The U.S. has yet to adopt a system of electronic billing or reportage.

6. The Harmonized System

The Harmonized System began in 1988, but with so much online commerce, it has become an integral part of international business activity.

Harmonized System Harmonized System is a method that allows for the coding and tracking of products in every industry every whenever they pass through the international boundary.

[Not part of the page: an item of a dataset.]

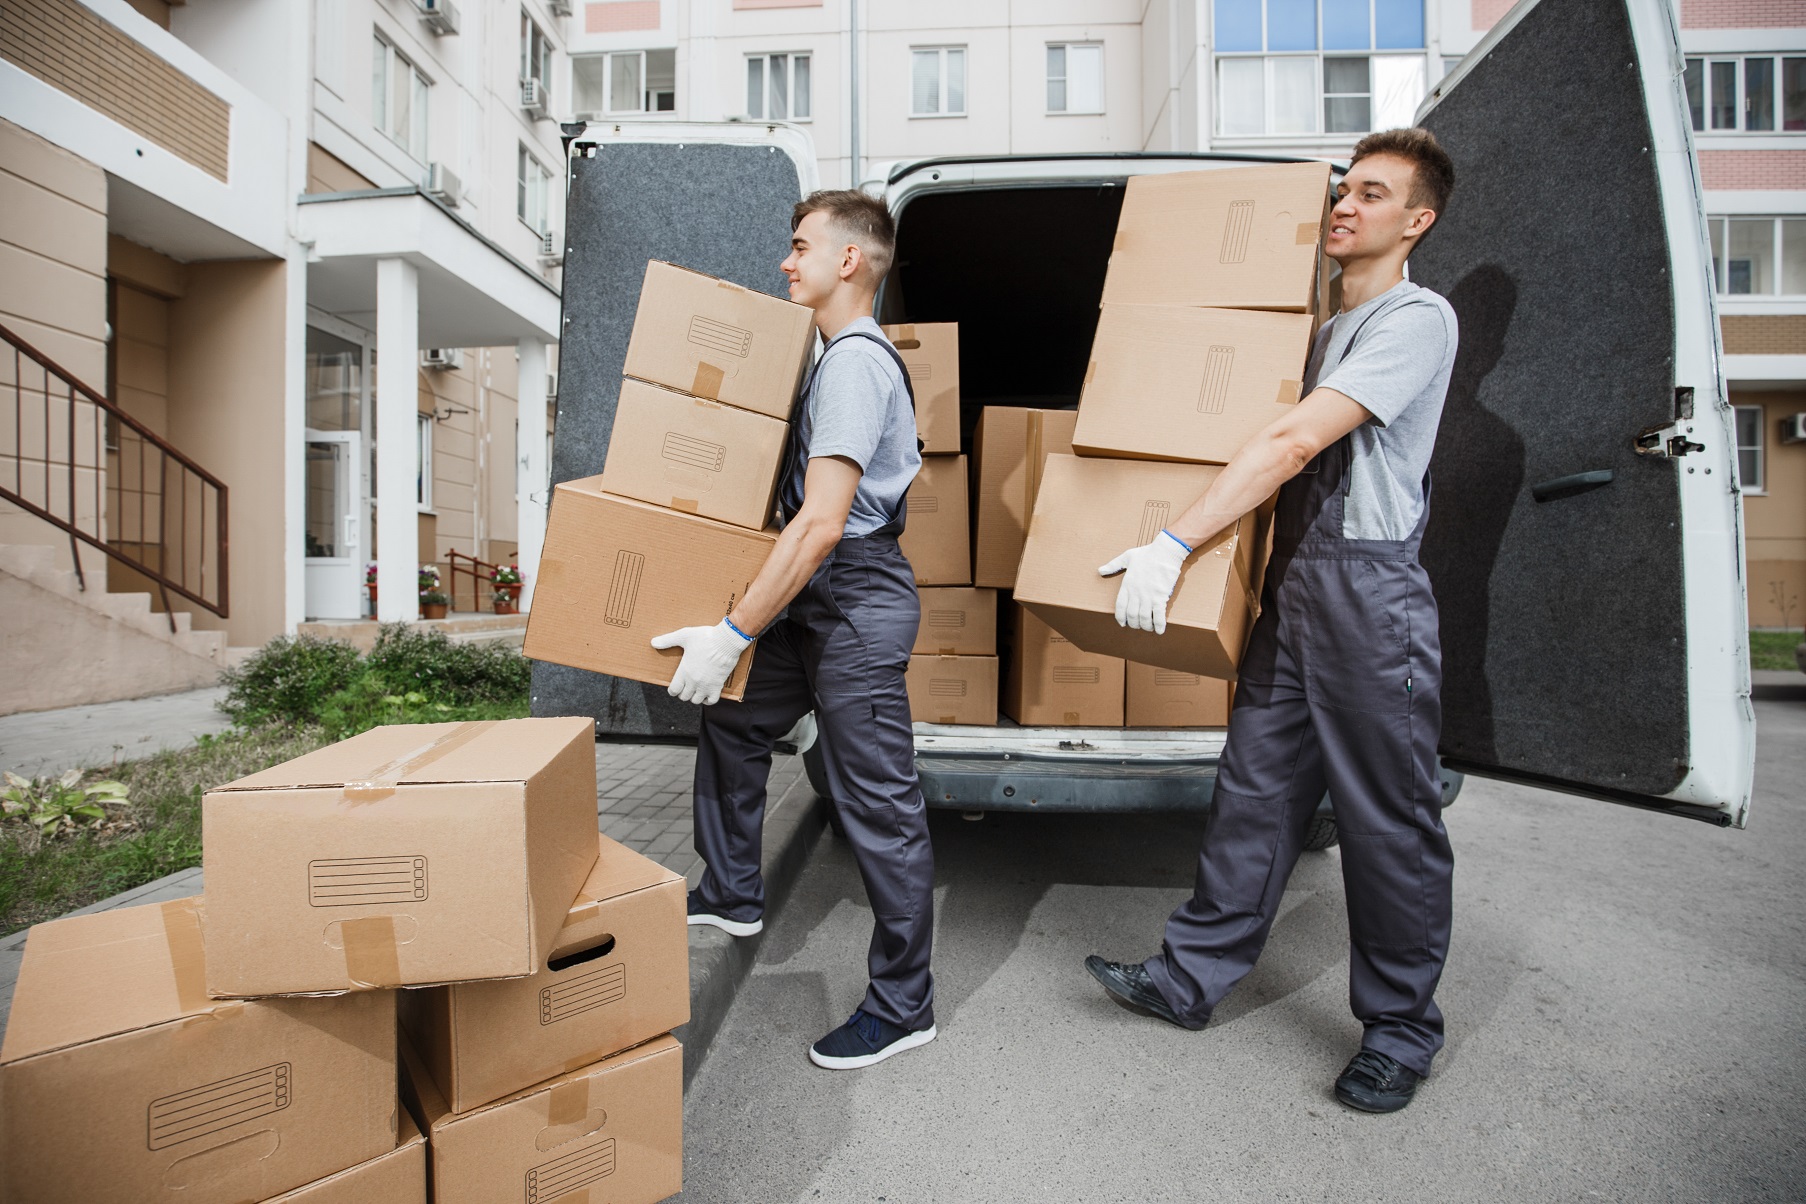 Two young handsome smiling workers wearing uniforms are unloading the van full of boxes. There is a block of flats in the background.

This makes it simpler to monitor sales volumes across borders . This will ensure that precise taxes on sales and VAT will be collected on items as well as services.

The codes are revised every five years. Then, in 2022, the seventh edition will come out.

The use of HS codes could become complex very quickly because the different nations do not update their codes instantly. Some take years. This means that you could sell the same item across two different countries and will have to use two different codes.

What happens if a product is classified incorrectly with the wrong code? Taxes could be assessed at the wrong rate which could result in fines and delays, issues at the border, as well as upset customers. Learn more on the Harmonized System and related global tax concerns.

7. Eliminating taxation minimum obligations

In particular, particularly in the U.K. and EU nations the previous minimum standards for the VAT regime are beginning to disappear.

In the case of imports entering the U.K. In the past, there was to have been a PS135 minimum order amount before VAT applied. That's on its way out along with the low-value consignment stock relief which was applicable for items that fell under PS15. VAT on both must now be collected on the spot by the purchaser at the time of check-out.

At present, there are no modifications regarding the policy for sums above this threshold.

When imports are made into the EU A similar minimum of EUR150 was used to apply, and that too is going away. IOSS customers will be required to collect VAT at the time of sale for all purchases less than that sum.

And many other nations -- including Canada, India, Malaysia and China have been working on similar types of tax changes.

8. Tax issues that are not taxed for 2022 and beyond

Problems with supply

The issue of shortages in labor and supply can affect tax planning.

As an example, with the numerous items being bought that are then returned, how will you deal with the tax collection? Should you alter tax returns for taxes already due?

Online marketplaces

If you offer your products via one of the dozens of online marketplaces such as Amazon or Wayfair, some states and nations are taxing the cost, which could or might not pass on to the seller. Other states are letting such sellers remain free of tax.

Different types of product that are not typical

Many countries that have always taxed taxi services as well as car rental taxis are now trying to tax car sharing services as well.

If you are selling online courses, these also might be subject to taxation. But there are several different ways that courses may differ from one another. There are courses that are live some are recorded. Pre-recorded classes are closer to the product. Some courses require downloading of materials. Certain courses send the materials via mail.

Different countries and localities might approach these types of educational and training scenarios in a different way.

Software?

At present, there are at least ten different types of software categories such as packaged and delivered in the same way as real products, packaged but downloaded electronically customizing, as well as many others. Each type of software may be taxed differently based on the nation and locality in which your company is determined to establish a presencethis nexus question which opened this box of worms at the beginning.

Do you need help with taxes?

Does not provide tax assistance, and this post is designed to provide information and guidance to businesses seeking to learn more about how they can comply with tax laws.

But, Avalara can help you with tax automatization software that makes compliance much more simple. Particularly for small businesses that do business across the U.S. or across international border, there's lots to keep track of. Software for tax compliance might be something worth looking into.